FILHO DA TRADIÇÃO
Clerisvaldo B. Chagas, 24 de junho de 2011.
Filho legítimo da tradição junina, noite de São João fora de casa, nem pensar. Disponível o ano inteiro para viagens, menos nas noites sagradas do São João e Natal, vamos mantendo a vontade de está em casa. Enquanto puder acender a fogueira do santo na rua pavimentada com pedras, vamos mantendo o ritual bendito das raízes, dentro do mais puro segmento interiorano nordestino. Faz parte da festa à peleja para acender a madeira misturada componente da fogueira. Os tufos insistentes da fumaça, o molejo da palha no abano comprado na feira, o esvaziamento da caixa de fósforos sem consistência, vão permitindo o recado do Criador que você ainda vive. Como o poder aquisitivo deu direito ao som para todos, o abuso musical acontece pela vizinhança, no padrão “ninguém pode conversar”. O milho chega ao momento certo e vira consumo nas mais variadas formas. As bebidas estão aí, para quem bebe e quem não bebe diante do churrasco tentador que tempera a conversa dos compadres. Não, não adianta telefonar me chamando que eu não vou, meu amigo. Já disse que noite de São João não saio de casa. Estão ali na mesinha, o quente e o frio se você me visitar, mas ir para lá, vou não. Não tem quem me faça, é assim que se diz por essas bandas.

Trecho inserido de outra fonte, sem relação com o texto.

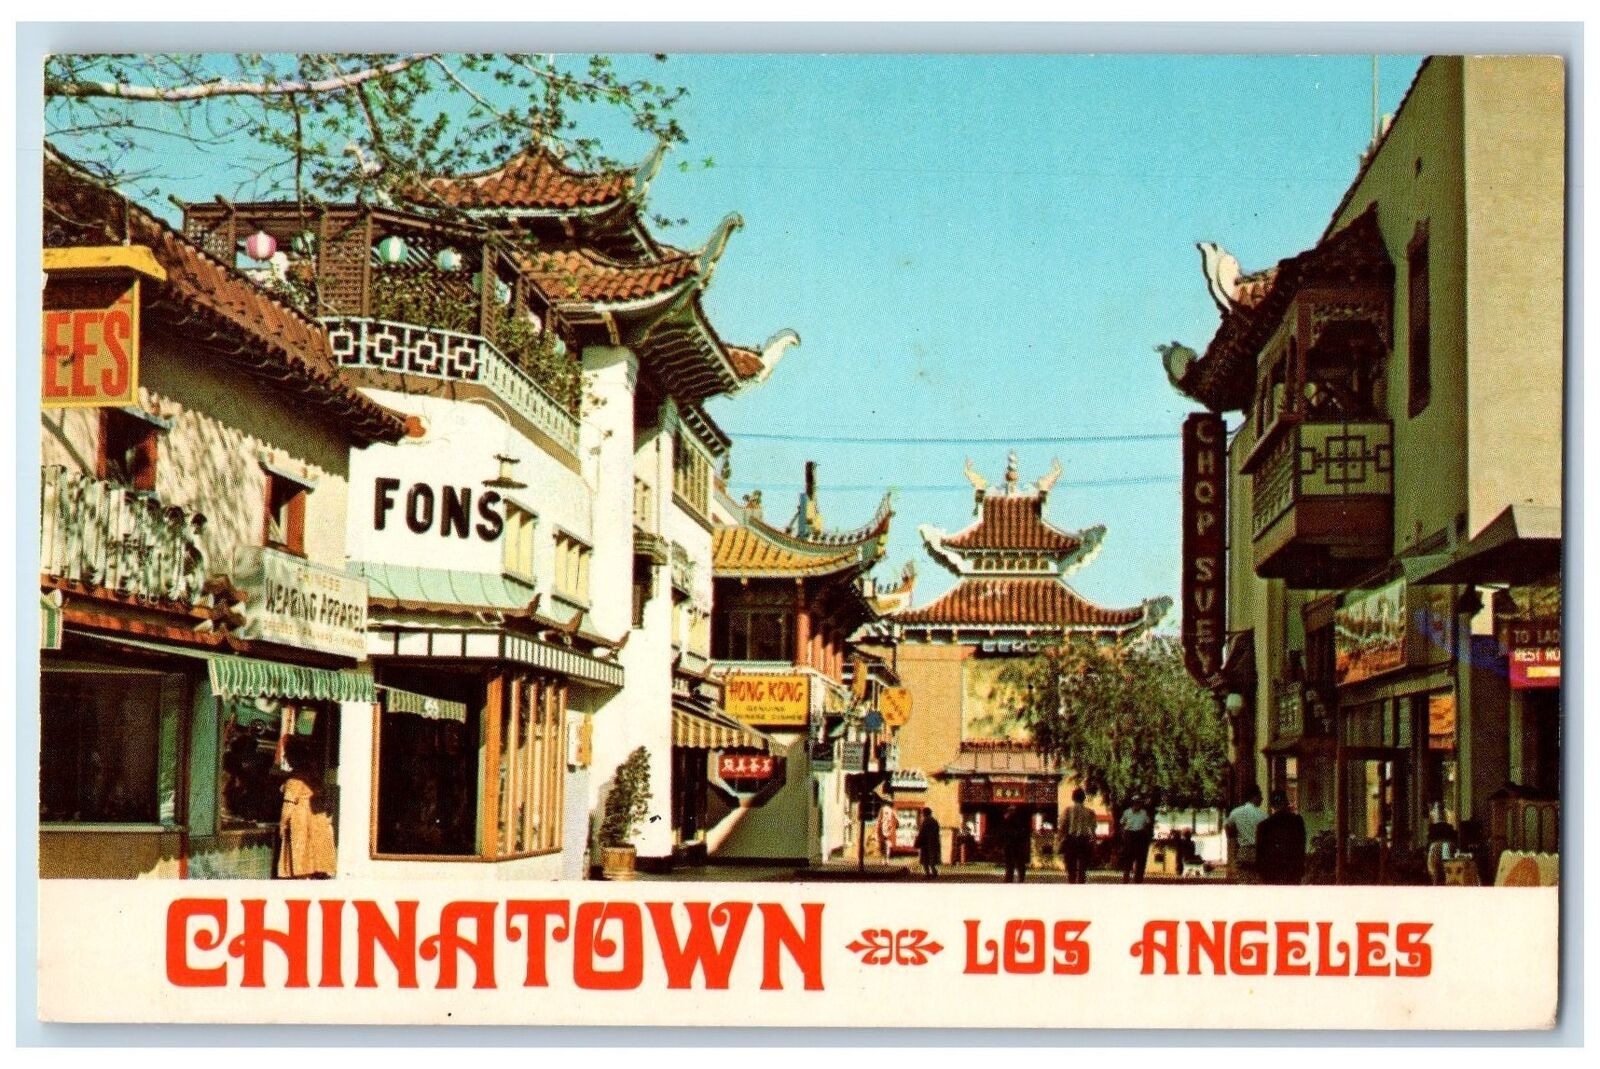 c1950's Chinatown Shops Cafes Golden Palace Restaurant Los Angeles CA Postcard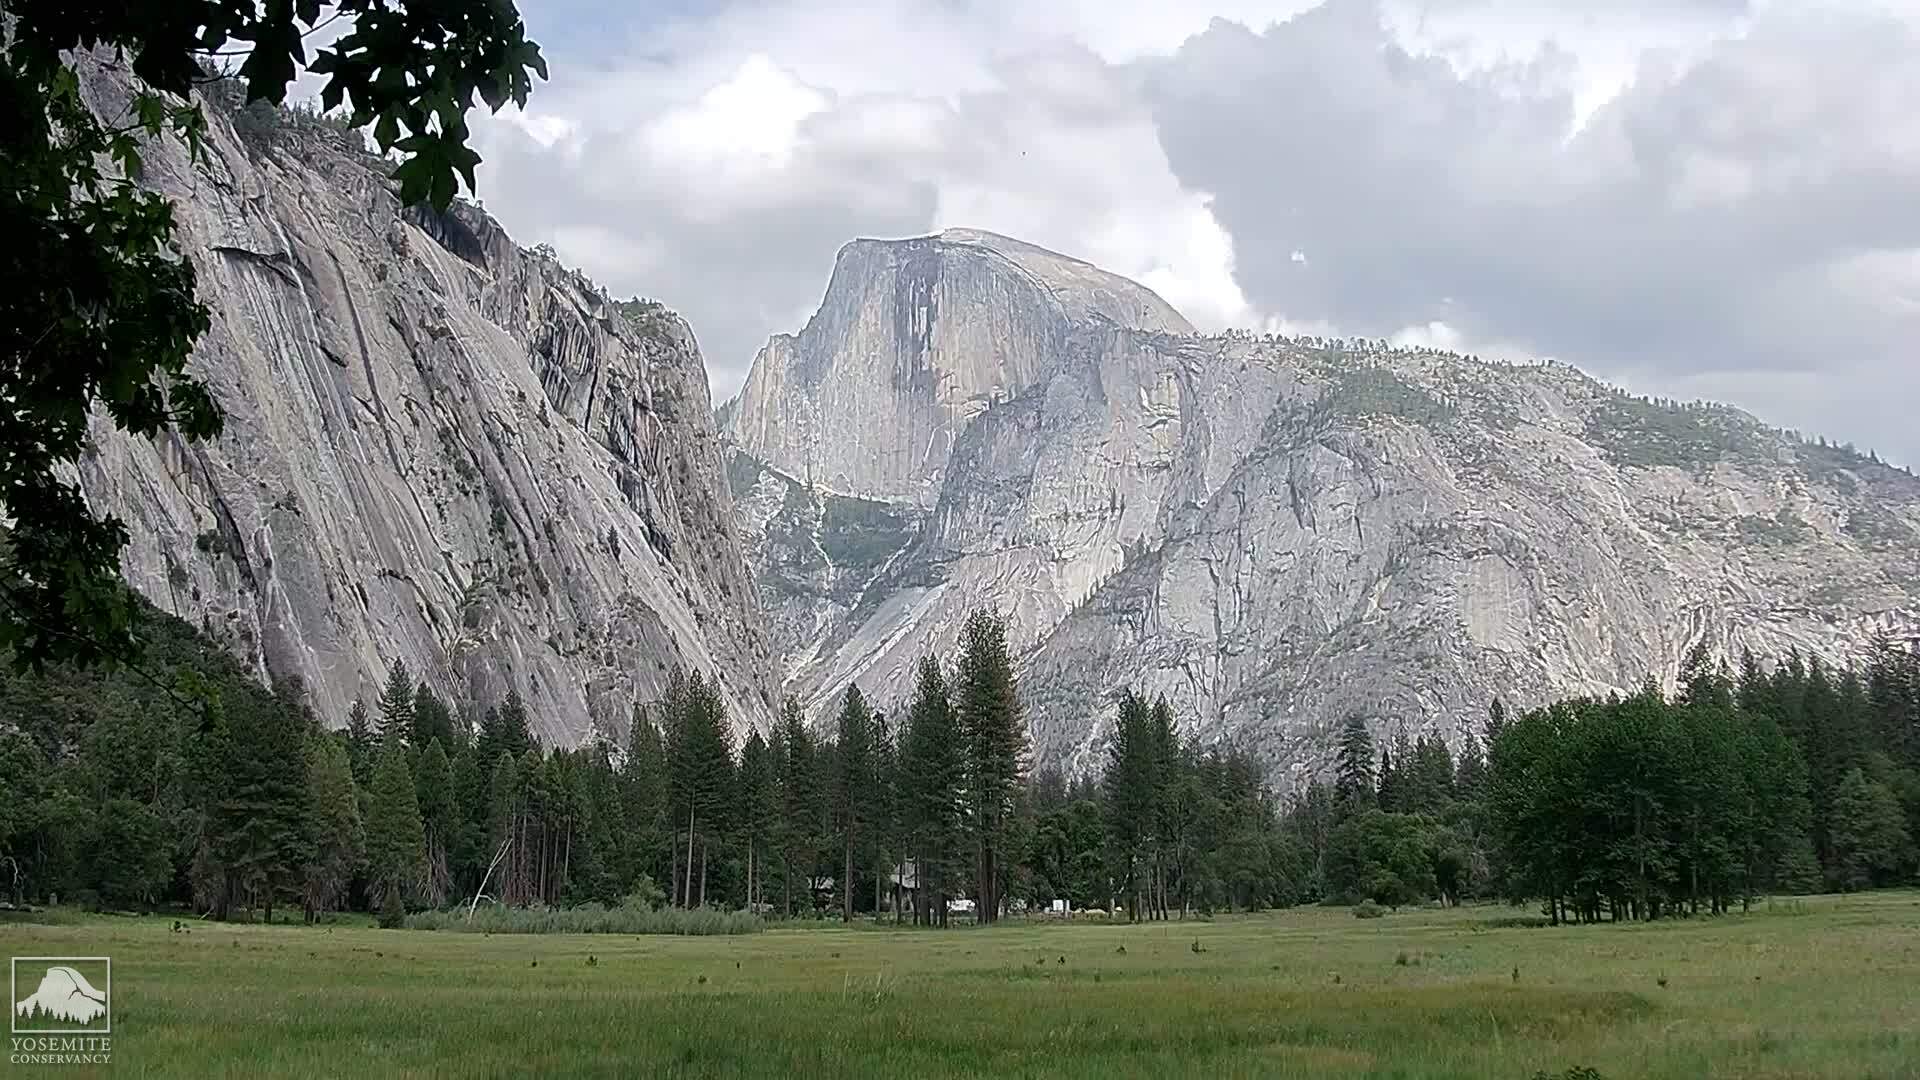 Yosemite National Park, Californie Me. 15:45

Quando os legítimos forrós do Rei do Baião vão desfilando, trazem a saudade danada de cada São João, de cada momento vivido, de cada item familiar que acompanha o tempo. Os olhos não resistem e, devagar, empurram duas lágrimas rebeldes que bem traduzem a dormência da alma. Ninguém percebe. Ninguém deve perceber o que é só meu. Deixe meu mundo interno escorrer até o copo tinto de vinho suave. As chamas do atilho queimam o angico, a aroeira e vai temperando uma nostalgia que maltrata. Uns olhos verdes e tentadores que chamam por cima do fogaréu. O Sol ardente do Sertão que tange um amor para os juazeiros, baraúnas, quixabeiras. Uma sequidão terrena que se mistura à seca de beijos, de nexos, de sexo. Suaves carícias no pipiri das caatingas. Arrulho de pombas rolas nos galhos retorcidos. Coaxar nas lagoas de inverno. Invasões temporárias de sentimentos viajados. Lençóis cheirosos sobre corpos sensuais. Despertar de um passado diante da fogueira. A fogueira de São João.
“O fole roncou
Lá no alto da serra
Cabroeira da minha terra
Subiu a serra
E foi brincar
Eu sei que morro
De faca, de carabina
Mas o amor de Joventina
Me dá força pra brigar...”
A chama da fogueira continua passando filme. Permanece, entra ano sai ano, reforçando um FILHO DA TRADIÇÃO.